Religion means having a great and worthy interest at the center of our lives, which gives meaning to the whole of them. Being religious means that the essential and eternal part of us is coming into life, and it almost necessarily follows then that the other parts of our personalities slip into their proper places. It means having an object for our affections more than worthy of all our deepest emotions, and more than able to fill our empty hearts. Religion in the early days of life is generally very emotional. I believe that that is perfectly right and natural, provided we also make efforts to be sincere and to love the truth. Because it is emotional, its value as an outlet for feeling is very great. It does not remain at its first emotional level.

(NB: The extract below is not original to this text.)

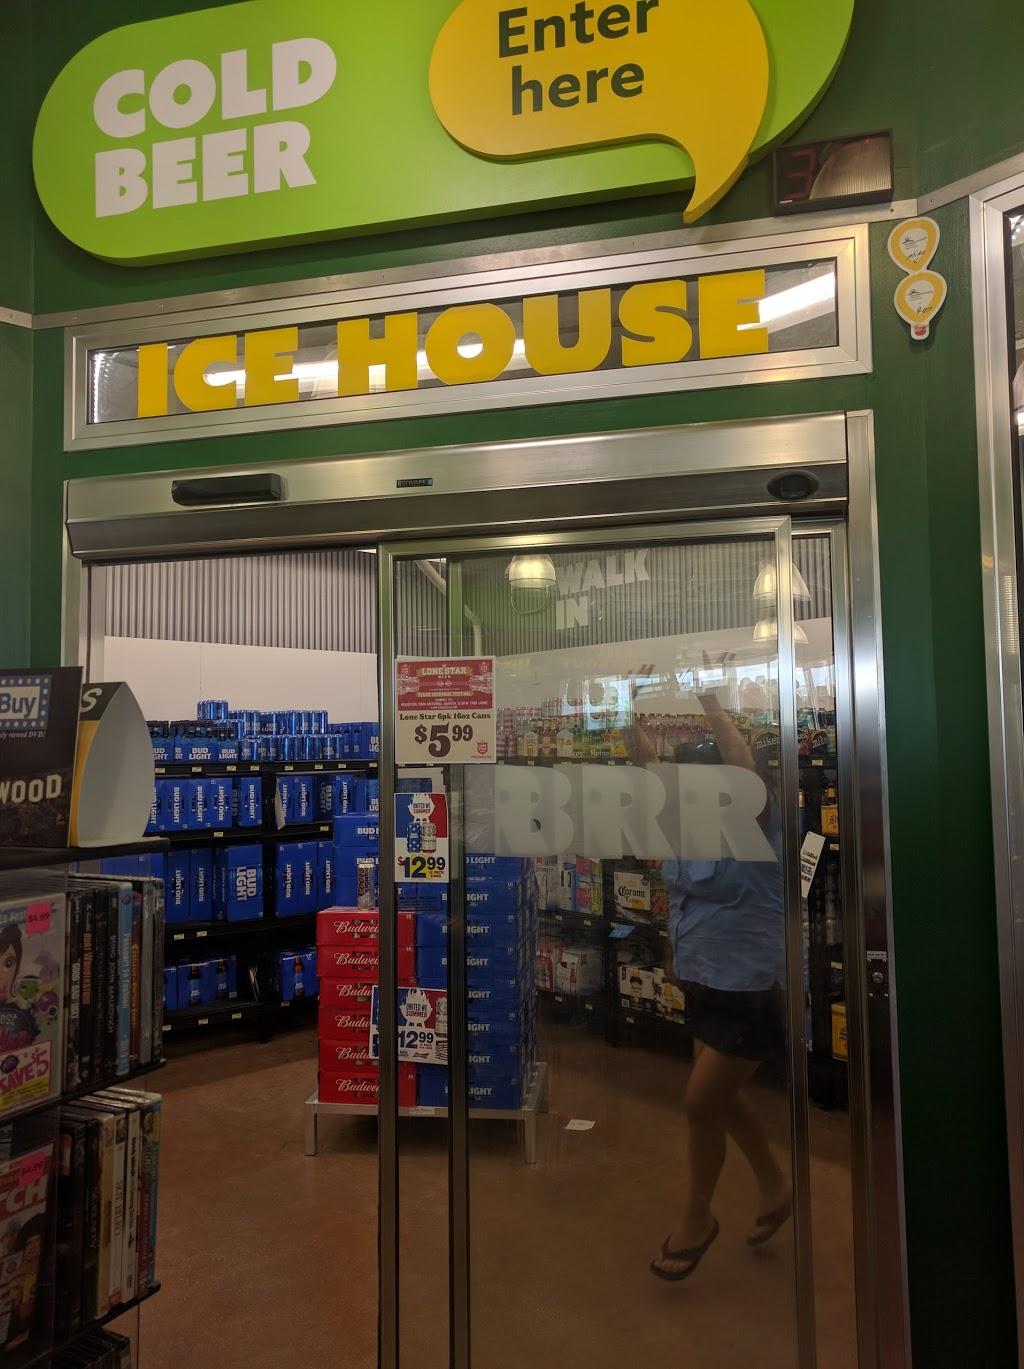 Circle K - cafe  | Photo 2 of 6 | Address: 9350 S East Loop 410, San Antonio, TX 78223, USA | Phone: (210) 633-9624

Later on there comes an inevitable change when many think, quite wrongly, that they are losing their religion. But at the stage I am thinking of religion naturally and normally expresses itself in intense feeling. We are all hero worshippers at that stage of life. Hero worshipping, however, is apt to get us into trouble, for our heroes fail us in time. The one perfect hero who never fails us is Christ. He alone never disappoints, and to love Him is to have all the nobler chords in our beings set in motion. We are sure to despair of ever becoming worthy of Him. But no leader of men was ever so willing to take us as we are and make the best of us. To be near Him may mean being made to feel deeply ashamed. In His presence we are sure to feel small and mean. But that also is a good thing, and in spite of it He loves us. In other directions we seek with longing to find love, and often fail. With Him we may be quite sure of finding love. And He goes on loving to the end.

Being loved by Him does at last draw out the best in us. Inevitably we begin to want to be more worthy-to serve and love others for His sake-to know and love the truth-to find and worship beauty. And that means having a life full of splendid and worthy interests.

Emotional muddles may in fact be the lot of most of us for a while. But if at the center of them all there is an honest love for Christ, they cannot overwhelm us; and in the long run we are sure to emerge into the life that has both peace and power in it.